__Assignment__:
The answer must be every record below, reproduced exactly.

__Records for the task__:
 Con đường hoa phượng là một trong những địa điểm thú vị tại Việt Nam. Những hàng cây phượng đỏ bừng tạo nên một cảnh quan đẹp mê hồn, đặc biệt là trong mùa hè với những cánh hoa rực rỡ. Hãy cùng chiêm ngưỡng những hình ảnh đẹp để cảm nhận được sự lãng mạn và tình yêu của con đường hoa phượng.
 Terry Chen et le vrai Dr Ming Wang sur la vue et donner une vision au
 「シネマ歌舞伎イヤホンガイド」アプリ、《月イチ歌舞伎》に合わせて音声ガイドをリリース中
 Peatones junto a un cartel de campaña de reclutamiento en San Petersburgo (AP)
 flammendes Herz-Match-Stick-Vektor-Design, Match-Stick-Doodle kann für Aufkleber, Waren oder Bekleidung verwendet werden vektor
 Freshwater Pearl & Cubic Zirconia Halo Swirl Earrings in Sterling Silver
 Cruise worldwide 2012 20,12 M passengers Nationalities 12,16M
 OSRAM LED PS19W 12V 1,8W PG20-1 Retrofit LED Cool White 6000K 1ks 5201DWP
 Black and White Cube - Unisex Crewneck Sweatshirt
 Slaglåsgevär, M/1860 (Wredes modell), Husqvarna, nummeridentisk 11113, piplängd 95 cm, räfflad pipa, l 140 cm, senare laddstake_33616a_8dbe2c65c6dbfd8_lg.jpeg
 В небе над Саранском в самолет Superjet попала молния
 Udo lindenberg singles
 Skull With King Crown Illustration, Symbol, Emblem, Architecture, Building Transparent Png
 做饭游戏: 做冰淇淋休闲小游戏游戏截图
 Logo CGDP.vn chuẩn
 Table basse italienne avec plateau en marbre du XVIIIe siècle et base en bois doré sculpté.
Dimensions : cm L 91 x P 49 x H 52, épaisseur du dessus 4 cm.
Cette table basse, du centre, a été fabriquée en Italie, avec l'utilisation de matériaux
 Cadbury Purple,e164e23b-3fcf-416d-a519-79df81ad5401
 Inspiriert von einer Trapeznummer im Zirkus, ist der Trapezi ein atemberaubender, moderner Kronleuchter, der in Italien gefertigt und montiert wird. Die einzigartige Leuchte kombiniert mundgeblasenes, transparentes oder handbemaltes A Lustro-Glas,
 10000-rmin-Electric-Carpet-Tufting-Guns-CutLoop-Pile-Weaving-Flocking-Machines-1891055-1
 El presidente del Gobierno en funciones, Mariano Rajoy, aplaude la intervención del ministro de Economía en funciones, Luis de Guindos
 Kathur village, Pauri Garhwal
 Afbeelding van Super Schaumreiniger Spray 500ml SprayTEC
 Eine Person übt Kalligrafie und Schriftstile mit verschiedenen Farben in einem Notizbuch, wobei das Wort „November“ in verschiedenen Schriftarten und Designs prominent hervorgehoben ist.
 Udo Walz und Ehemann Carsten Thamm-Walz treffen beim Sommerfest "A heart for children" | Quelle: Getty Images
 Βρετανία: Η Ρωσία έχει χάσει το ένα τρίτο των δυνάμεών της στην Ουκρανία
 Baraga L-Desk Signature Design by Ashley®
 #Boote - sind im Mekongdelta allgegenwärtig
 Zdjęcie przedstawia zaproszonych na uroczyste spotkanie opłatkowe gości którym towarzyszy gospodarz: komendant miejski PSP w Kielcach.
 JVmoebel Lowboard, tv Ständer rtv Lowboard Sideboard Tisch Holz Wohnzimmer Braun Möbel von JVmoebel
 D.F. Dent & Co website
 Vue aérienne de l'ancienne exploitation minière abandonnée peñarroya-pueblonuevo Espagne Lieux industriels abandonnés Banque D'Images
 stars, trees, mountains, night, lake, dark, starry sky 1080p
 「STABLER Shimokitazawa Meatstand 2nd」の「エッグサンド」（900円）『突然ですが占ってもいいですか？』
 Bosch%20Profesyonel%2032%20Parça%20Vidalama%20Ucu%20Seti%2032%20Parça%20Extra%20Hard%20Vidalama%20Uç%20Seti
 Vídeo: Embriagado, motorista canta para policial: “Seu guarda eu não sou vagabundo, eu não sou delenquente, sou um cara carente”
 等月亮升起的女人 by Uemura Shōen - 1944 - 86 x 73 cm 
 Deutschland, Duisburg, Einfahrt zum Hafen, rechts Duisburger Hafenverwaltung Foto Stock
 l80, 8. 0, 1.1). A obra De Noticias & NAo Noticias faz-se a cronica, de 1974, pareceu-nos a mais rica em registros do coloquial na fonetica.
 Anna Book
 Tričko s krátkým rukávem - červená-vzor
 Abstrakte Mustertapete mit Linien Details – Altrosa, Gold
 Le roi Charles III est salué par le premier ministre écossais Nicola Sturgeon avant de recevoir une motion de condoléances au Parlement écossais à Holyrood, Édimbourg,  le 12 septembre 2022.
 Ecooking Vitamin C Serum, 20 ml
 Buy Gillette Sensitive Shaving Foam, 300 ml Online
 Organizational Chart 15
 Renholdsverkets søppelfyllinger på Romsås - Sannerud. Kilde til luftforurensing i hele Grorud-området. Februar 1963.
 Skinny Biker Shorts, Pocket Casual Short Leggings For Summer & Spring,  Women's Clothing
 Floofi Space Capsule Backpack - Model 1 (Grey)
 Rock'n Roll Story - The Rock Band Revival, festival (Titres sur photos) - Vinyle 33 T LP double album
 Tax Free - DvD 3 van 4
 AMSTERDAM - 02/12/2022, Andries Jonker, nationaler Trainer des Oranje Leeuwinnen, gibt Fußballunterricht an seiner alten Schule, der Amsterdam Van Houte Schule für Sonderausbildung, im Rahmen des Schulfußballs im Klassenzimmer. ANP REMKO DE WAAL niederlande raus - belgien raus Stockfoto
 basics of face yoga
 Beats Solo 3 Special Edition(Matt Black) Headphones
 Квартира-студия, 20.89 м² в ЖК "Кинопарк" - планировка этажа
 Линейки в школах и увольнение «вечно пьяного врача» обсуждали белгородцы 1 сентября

__Answer to this exercise__:
 Con đường hoa phượng là một trong những địa điểm thú vị tại Việt Nam. Những hàng cây phượng đỏ bừng tạo nên một cảnh quan đẹp mê hồn, đặc biệt là trong mùa hè với những cánh hoa rực rỡ. Hãy cùng chiêm ngưỡng những hình ảnh đẹp để cảm nhận được sự lãng mạn và tình yêu của con đường hoa phượng.
 Terry Chen et le vrai Dr Ming Wang sur la vue et donner une vision au
 「シネマ歌舞伎イヤホンガイド」アプリ、《月イチ歌舞伎》に合わせて音声ガイドをリリース中
 Peatones junto a un cartel de campaña de reclutamiento en San Petersburgo (AP)
 flammendes Herz-Match-Stick-Vektor-Design, Match-Stick-Doodle kann für Aufkleber, Waren oder Bekleidung verwendet werden vektor
 Freshwater Pearl & Cubic Zirconia Halo Swirl Earrings in Sterling Silver
 Cruise worldwide 2012 20,12 M passengers Nationalities 12,16M
 OSRAM LED PS19W 12V 1,8W PG20-1 Retrofit LED Cool White 6000K 1ks 5201DWP
 Black and White Cube - Unisex Crewneck Sweatshirt
 Slaglåsgevär, M/1860 (Wredes modell), Husqvarna, nummeridentisk 11113, piplängd 95 cm, räfflad pipa, l 140 cm, senare laddstake_33616a_8dbe2c65c6dbfd8_lg.jpeg
 В небе над Саранском в самолет Superjet попала молния
 Udo lindenberg singles
 Skull With King Crown Illustration, Symbol, Emblem, Architecture, Building Transparent Png
 做饭游戏: 做冰淇淋休闲小游戏游戏截图
 Logo CGDP.vn chuẩn
 Table basse italienne avec plateau en marbre du XVIIIe siècle et base en bois doré sculpté.
Dimensions : cm L 91 x P 49 x H 52, épaisseur du dessus 4 cm.
Cette table basse, du centre, a été fabriquée en Italie, avec l'utilisation de matériaux
 Cadbury Purple,e164e23b-3fcf-416d-a519-79df81ad5401
 Inspiriert von einer Trapeznummer im Zirkus, ist der Trapezi ein atemberaubender, moderner Kronleuchter, der in Italien gefertigt und montiert wird. Die einzigartige Leuchte kombiniert mundgeblasenes, transparentes oder handbemaltes A Lustro-Glas,
 10000-rmin-Electric-Carpet-Tufting-Guns-CutLoop-Pile-Weaving-Flocking-Machines-1891055-1
 El presidente del Gobierno en funciones, Mariano Rajoy, aplaude la intervención del ministro de Economía en funciones, Luis de Guindos
 Kathur village, Pauri Garhwal
 Afbeelding van Super Schaumreiniger Spray 500ml SprayTEC
 Eine Person übt Kalligrafie und Schriftstile mit verschiedenen Farben in einem Notizbuch, wobei das Wort „November“ in verschiedenen Schriftarten und Designs prominent hervorgehoben ist.
 Udo Walz und Ehemann Carsten Thamm-Walz treffen beim Sommerfest "A heart for children" | Quelle: Getty Images
 Βρετανία: Η Ρωσία έχει χάσει το ένα τρίτο των δυνάμεών της στην Ουκρανία
 Baraga L-Desk Signature Design by Ashley®
 #Boote - sind im Mekongdelta allgegenwärtig
 Zdjęcie przedstawia zaproszonych na uroczyste spotkanie opłatkowe gości którym towarzyszy gospodarz: komendant miejski PSP w Kielcach.
 JVmoebel Lowboard, tv Ständer rtv Lowboard Sideboard Tisch Holz Wohnzimmer Braun Möbel von JVmoebel
 D.F. Dent & Co website
 Vue aérienne de l'ancienne exploitation minière abandonnée peñarroya-pueblonuevo Espagne Lieux industriels abandonnés Banque D'Images
 stars, trees, mountains, night, lake, dark, starry sky 1080p
 「STABLER Shimokitazawa Meatstand 2nd」の「エッグサンド」（900円）『突然ですが占ってもいいですか？』
 Bosch%20Profesyonel%2032%20Parça%20Vidalama%20Ucu%20Seti%2032%20Parça%20Extra%20Hard%20Vidalama%20Uç%20Seti
 Vídeo: Embriagado, motorista canta para policial: “Seu guarda eu não sou vagabundo, eu não sou delenquente, sou um cara carente”
 等月亮升起的女人 by Uemura Shōen - 1944 - 86 x 73 cm 
 Deutschland, Duisburg, Einfahrt zum Hafen, rechts Duisburger Hafenverwaltung Foto Stock
 l80, 8. 0, 1.1). A obra De Noticias & NAo Noticias faz-se a cronica, de 1974, pareceu-nos a mais rica em registros do coloquial na fonetica.
 Anna Book
 Tričko s krátkým rukávem - červená-vzor
 Abstrakte Mustertapete mit Linien Details – Altrosa, Gold
 Le roi Charles III est salué par le premier ministre écossais Nicola Sturgeon avant de recevoir une motion de condoléances au Parlement écossais à Holyrood, Édimbourg,  le 12 septembre 2022.
 Ecooking Vitamin C Serum, 20 ml
 Buy Gillette Sensitive Shaving Foam, 300 ml Online
 Organizational Chart 15
 Renholdsverkets søppelfyllinger på Romsås - Sannerud. Kilde til luftforurensing i hele Grorud-området. Februar 1963.
 Skinny Biker Shorts, Pocket Casual Short Leggings For Summer & Spring,  Women's Clothing
 Floofi Space Capsule Backpack - Model 1 (Grey)
 Rock'n Roll Story - The Rock Band Revival, festival (Titres sur photos) - Vinyle 33 T LP double album
 Tax Free - DvD 3 van 4
 AMSTERDAM - 02/12/2022, Andries Jonker, nationaler Trainer des Oranje Leeuwinnen, gibt Fußballunterricht an seiner alten Schule, der Amsterdam Van Houte Schule für Sonderausbildung, im Rahmen des Schulfußballs im Klassenzimmer. ANP REMKO DE WAAL niederlande raus - belgien raus Stockfoto
 basics of face yoga
 Beats Solo 3 Special Edition(Matt Black) Headphones
 Квартира-студия, 20.89 м² в ЖК "Кинопарк" - планировка этажа
 Линейки в школах и увольнение «вечно пьяного врача» обсуждали белгородцы 1 сентября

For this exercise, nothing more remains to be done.